Sociedade

Moradores do Catambor estão atentos às medidas

Os cidadãos residentes nos bairros Catambor de Cima e de Baixo, no município da Maianga, em Luanda, aprimoram, a cada dia, os cuidados para evitarem a propagação da pandemia do Coronavírus, onde a infecção na capital do país é observada ao nível local.

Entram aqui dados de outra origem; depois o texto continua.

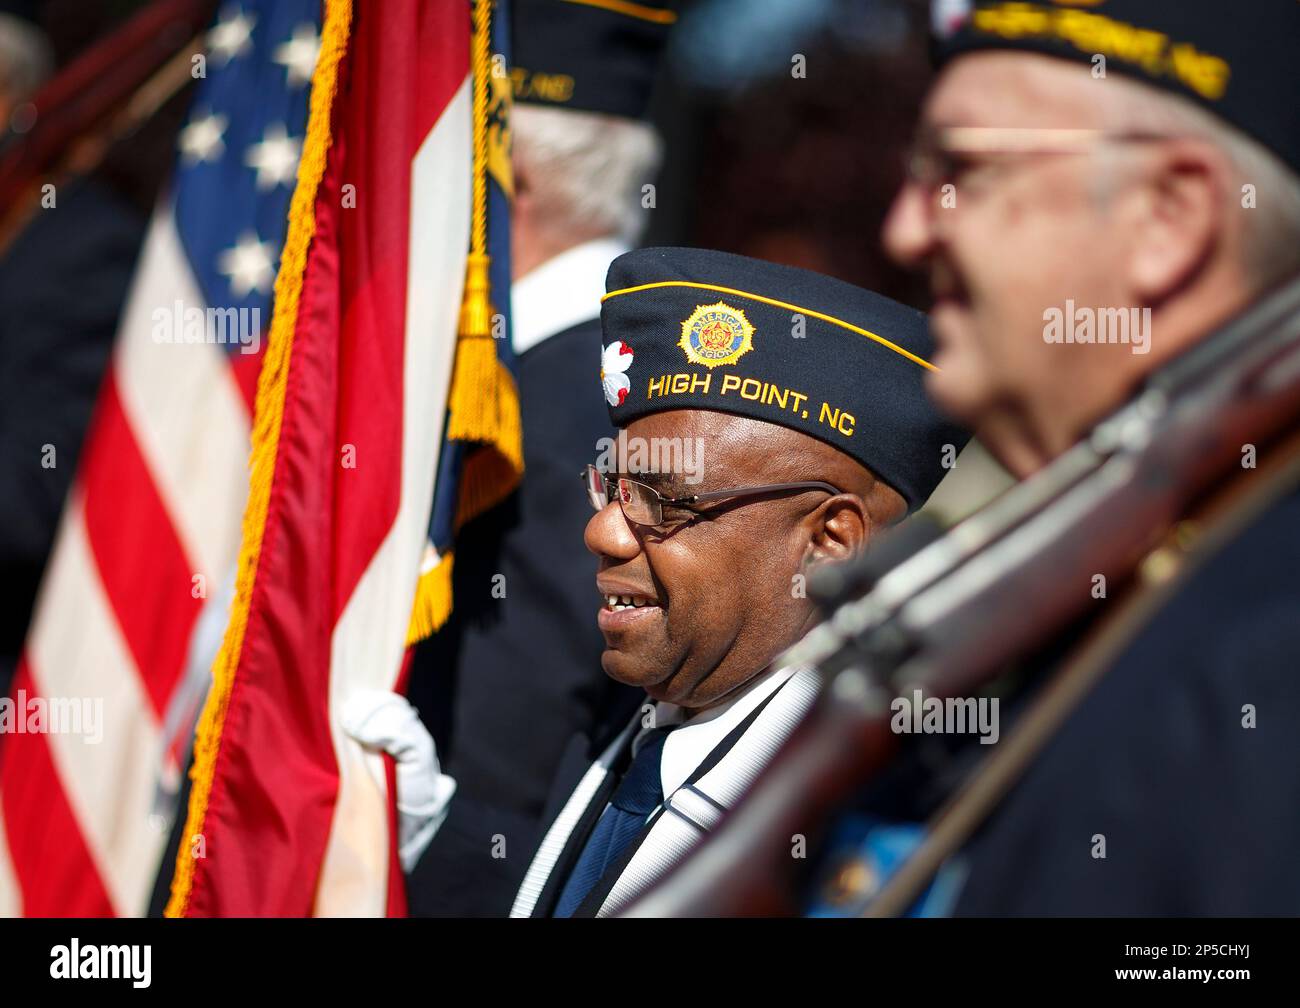 Paul Bogan smiles while holding the North Carolina State Flag as part of  the honor guard from the High Point American Legion Post 87. The High Point  Veterans 10th Anniversary Memorial Service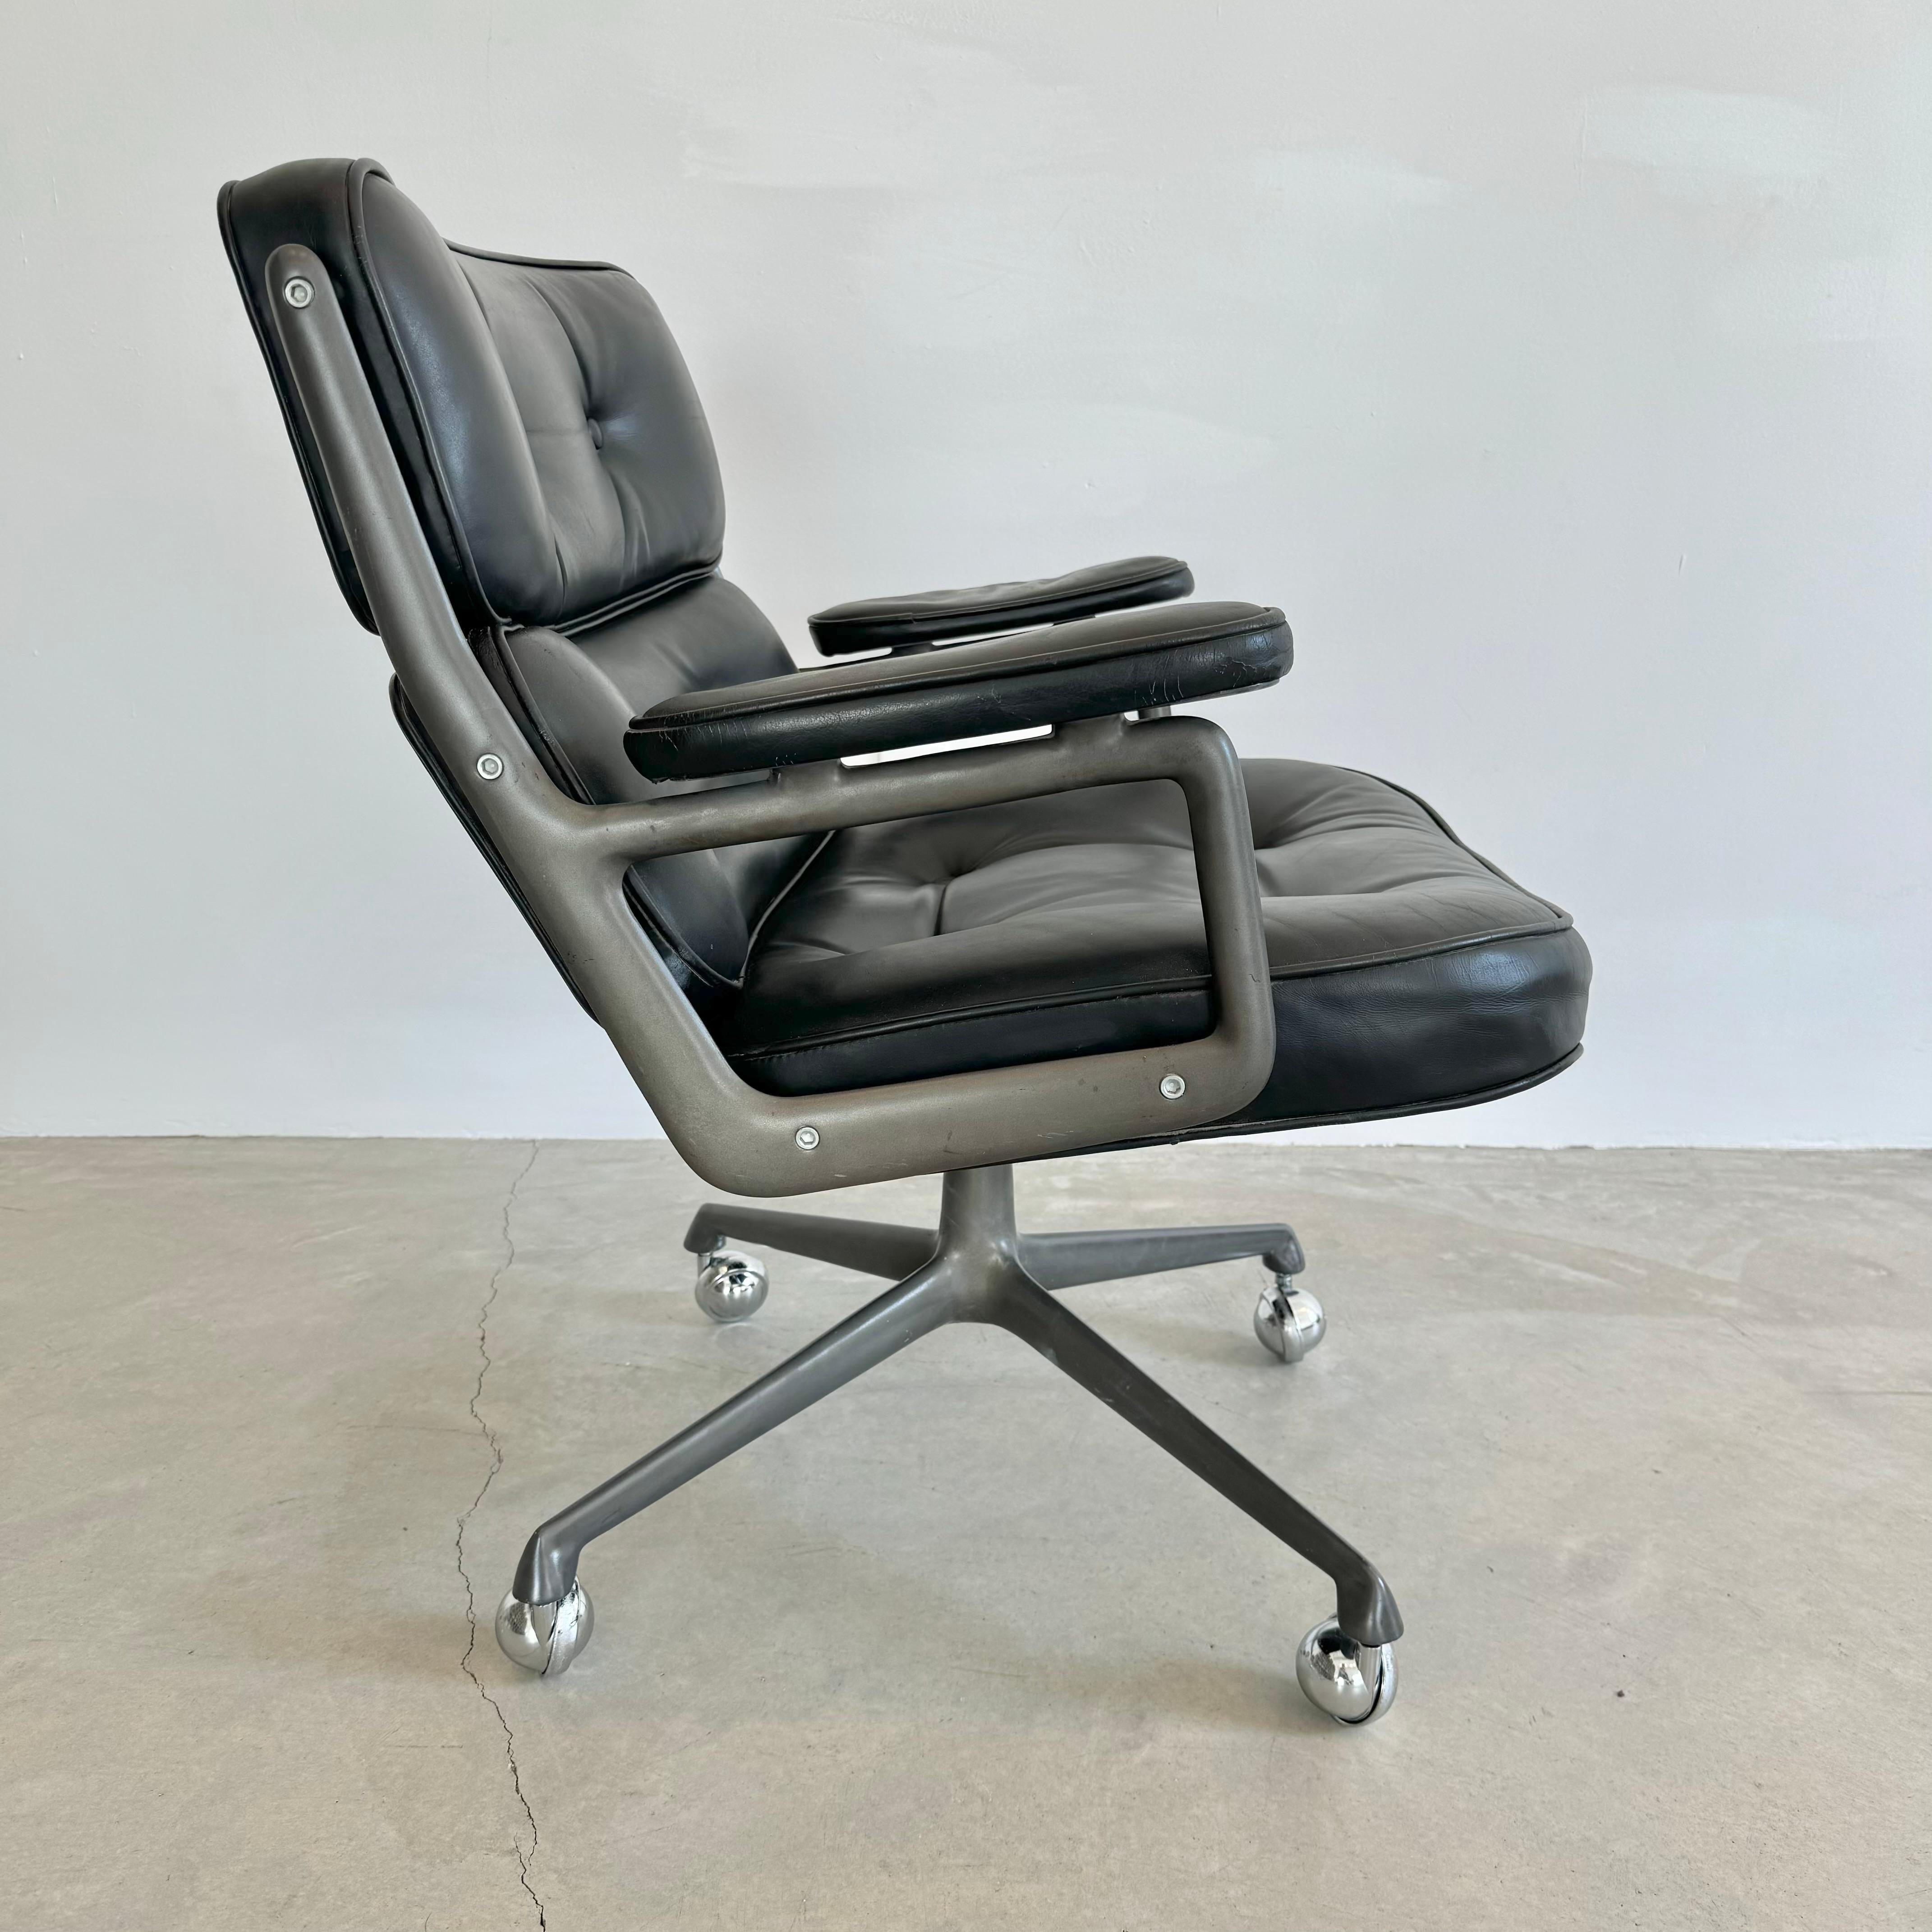 Eames Time Life Lobby Lounge Chair in Black Leather for Herman Miller, 1980s USA For Sale 4

06/05/2020  Última atualização 08H16
DR

A reportagem do Jornal de Angola deslocou-se ao princípio da noite de ontem ao referido bairro, onde aferiu os cuidados e responsabilidade no cumprimento das medidas por parte dos moradores, no âmbito do Estado de Emergência, decretado pelo Executivo, para evitar o alastramento da doença.
Ruas e ruelas completamente desertas, cantinas e lanchonetes encerradas era o cenário inicial observado pela reportagem deste matutino quando penetrou no interior do Catambor de Cima, na fronteira com o Bairro Prenda.
A Rua da Macieira, a única asfaltada do bairro, que antes do surgimento da pandemia era bastante concorrida em termos de circulação e ambientes nocturnos dançantes, estava irreconhecível.
Ao longo dos cem metros que a compõem não se divisava movimento algum de pessoas. Apenas grupos de três a quatro jovens conversavam sentados à porta das habitações.
Para maior conhecimento da actual situação do bairro conversamos com o jovem estudante Arnaldo Salomão, que começou por reconhecer o grande perigo da pandemia. Disse ser, por isso, que evita sair de casa sem necessidade. “Prefiro ocupar-me com filmes, leitura e alguns afazeres caseiros”, desabafou.
Arnaldo Salomão disse que devido à pandemia, o ambiente e os hábitos de convivência no Catambor mudaram da noite para o dia. A maioria dos moradores rapidamente tomou consciência do perigo da doença, tanto é que a partir das 18 horas as pessoas começam a recolher-se e às 20 quase ninguém arrisca-se à rua, não só pela doença, mas devido aos constantes patrulhamentos dos agentes da Ordem, que tudo fazem para obrigar o cumprimento escrupuloso das medidas.
Minutos depois a reportagem do Jornal de Angola deslocou-se ao Catambor de Baixo, numa pracinha nocturna, próxima ao supermercado “Martal”.
O local, antes da pandemia, era descrito como o mais ambientado da zona. Os momentos de diversão começavam a partir das 18 horas e estendiam-se até a madrugada fora. Era assim todos os dias.